Q2 was an eventful quarter. Global interest rates have fluctuated and several central banks began their phase of rate cuts. Inflation and the measures taken by the central banks have had an impact on the financial markets.
In April, the focus of discussions was on whether or not the US central bank, the Fed, would cut its key rate in 2024, given that the US inflation rate is being more persistent than expected. This led to upturns in interest rates and weak stock markets. At the same time, geopolitical tensions continued in the Middle East.
However, the situation quickly changed and risk sentiment improved at the beginning of May. Fed chief Powell indicated that it is unlikely that the next policy rate move for the Fed will be a rate hike, which increased market expectations for a soft landing in the economy. The Riksbank chose to be one of the first central banks within G10 to cut its key rate, which was the first cut since 2016. The European Central Bank, ECB, followed with a cut in June.
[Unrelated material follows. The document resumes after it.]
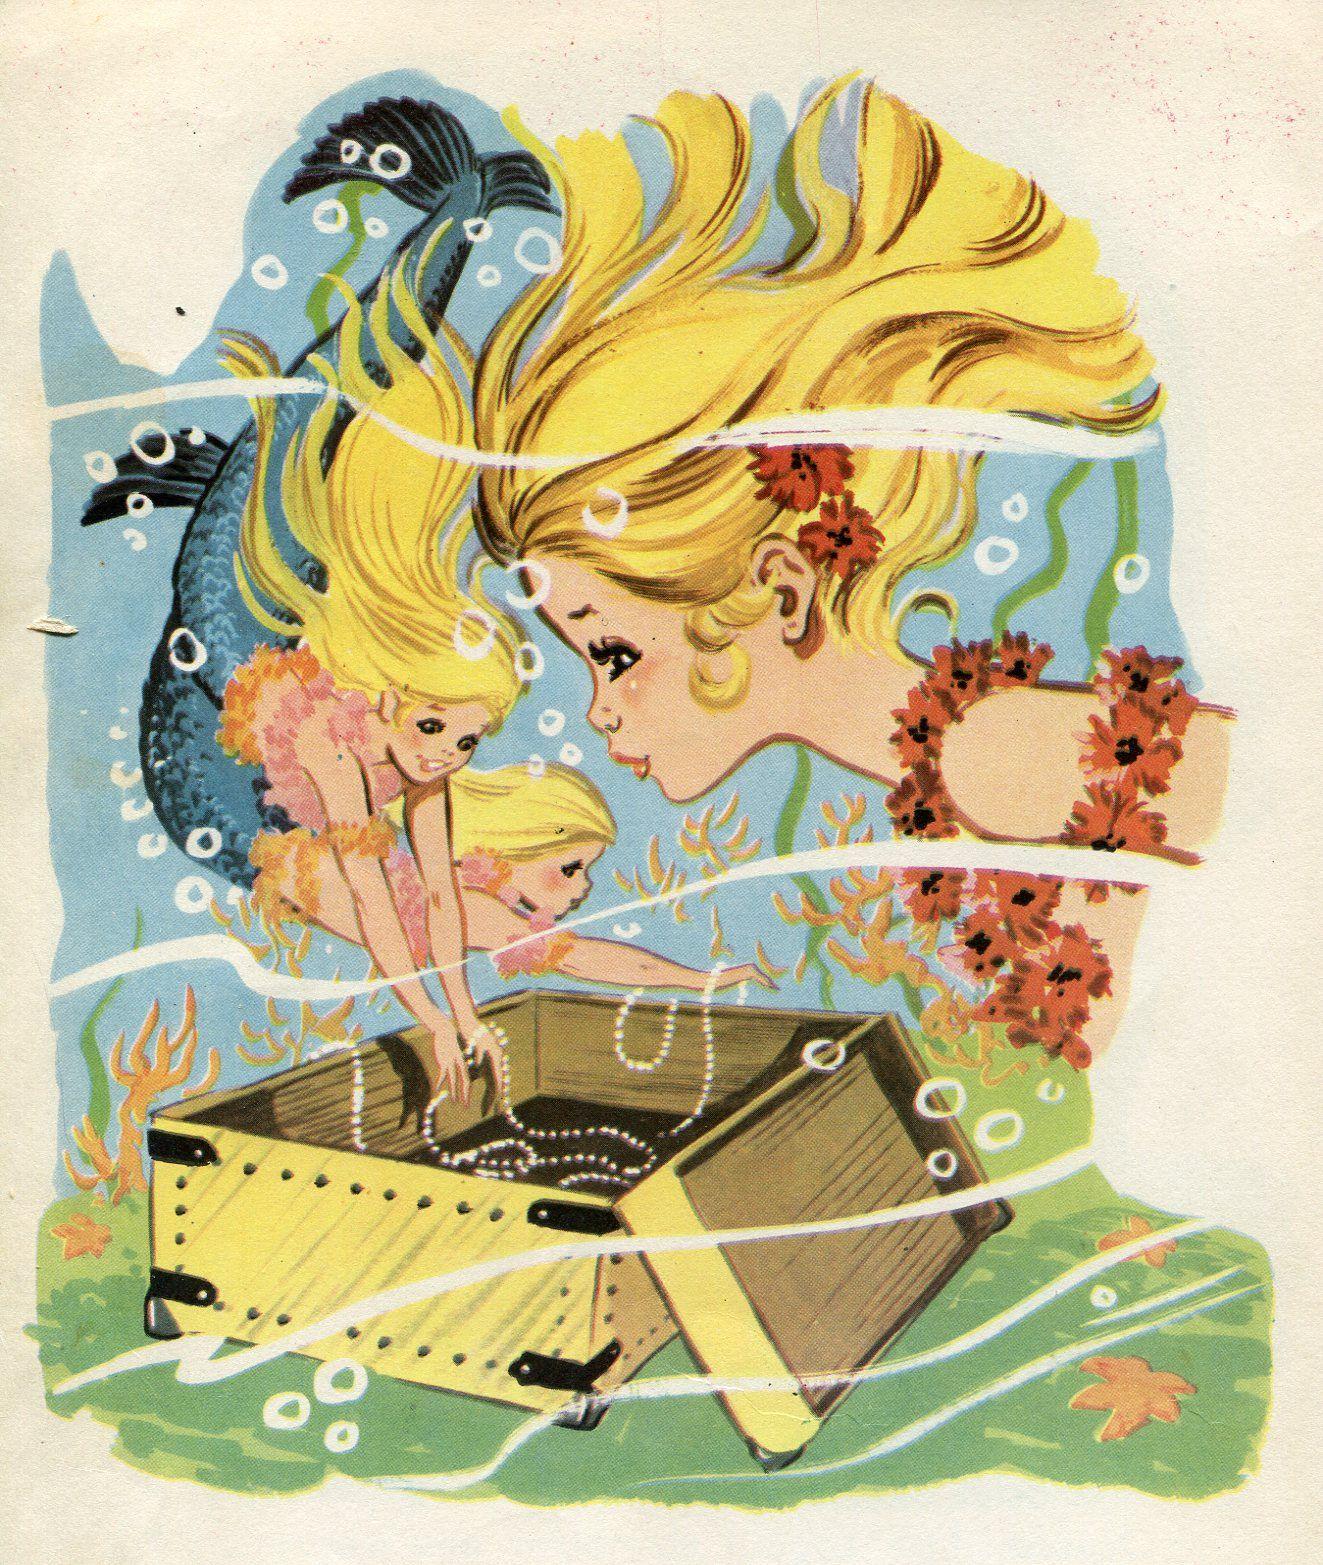 literatura infantil y juvenil. María Pascual ilustra La Sirenita.

The credit markets have been functioning well and the market for new issues has been very active throughout the entire quarter.
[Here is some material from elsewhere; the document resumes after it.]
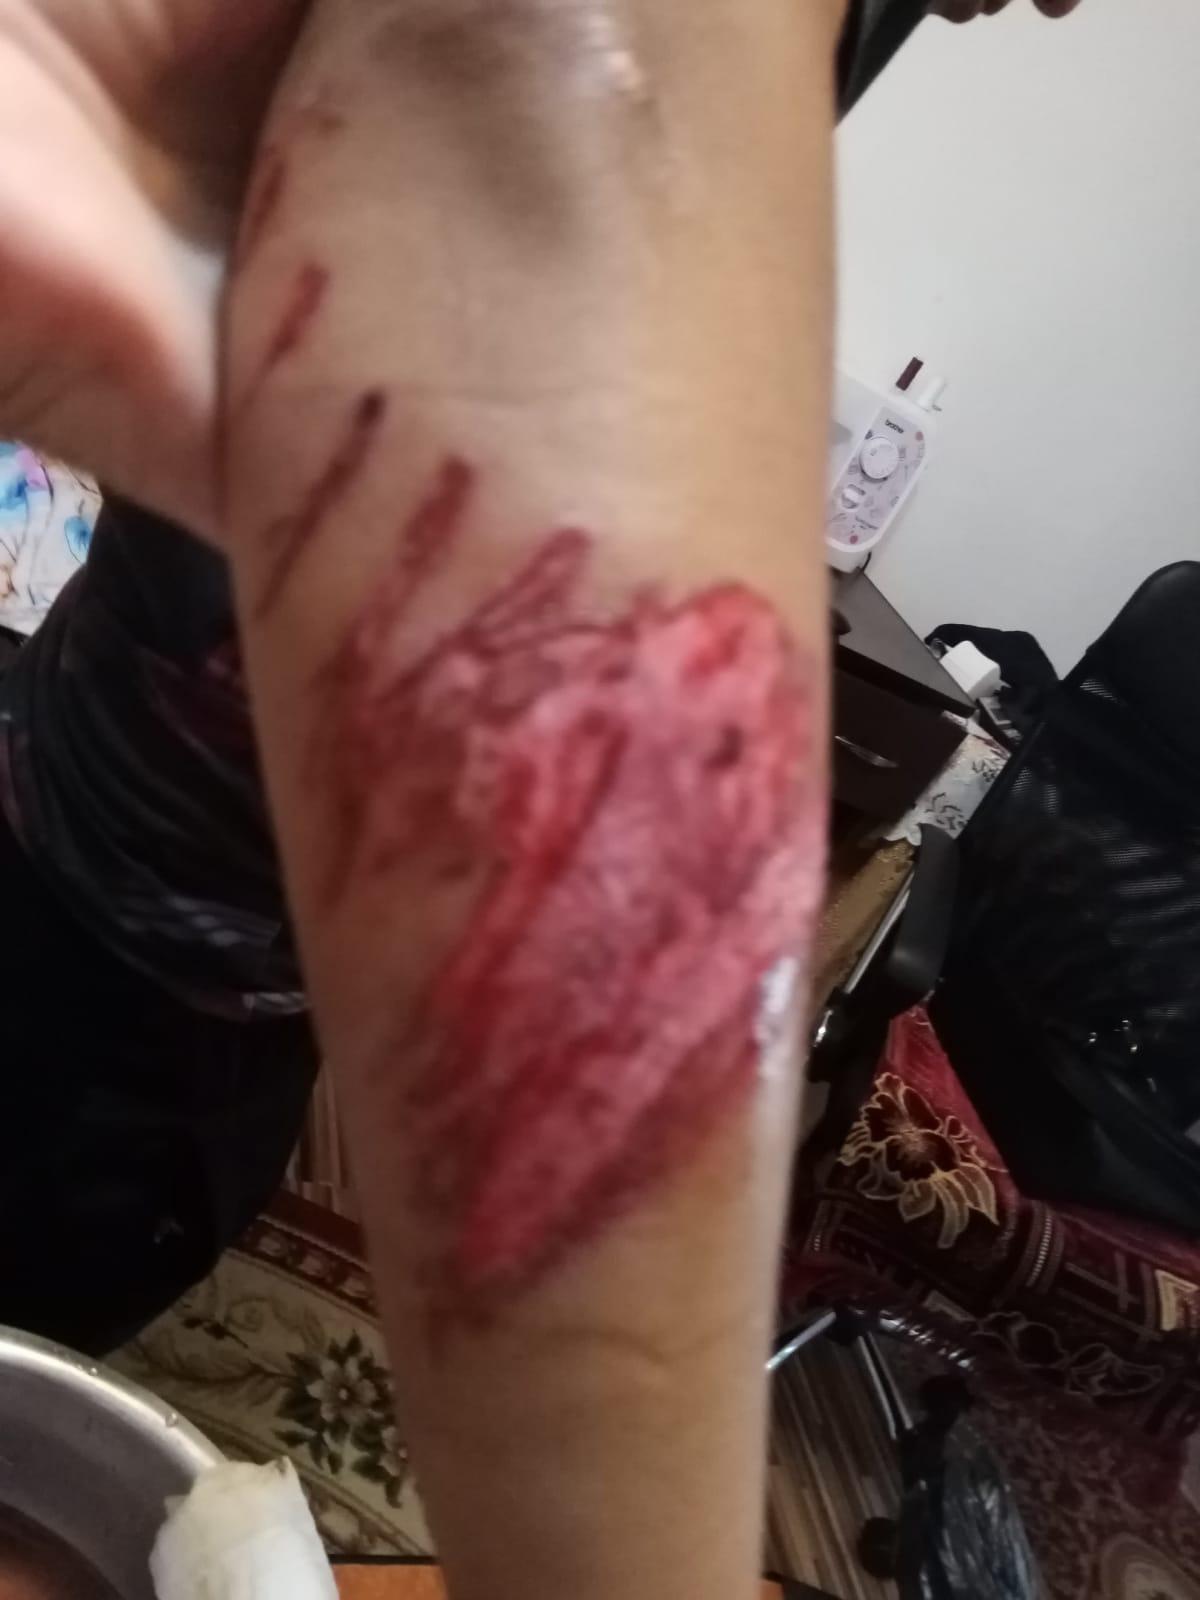 Grup de sportivi buzoieni, atacat cu o motocoasă de un individ băut. S-a întâmplat într-o stațiune de pe Valea Prahovei

Fund duration has been neutral to long during these significant rate movements. The fund’s selection of bonds was the strongest contributor to returns relative to its benchmark index. Companies such as Castellum, Telefonica and Kojamo were the strongest contributors. We also chose to sell a number of holdings, such as the Spanish bank Banco Credito Social, that have tightened to a great extent and instead made new investments in YIT and EDP.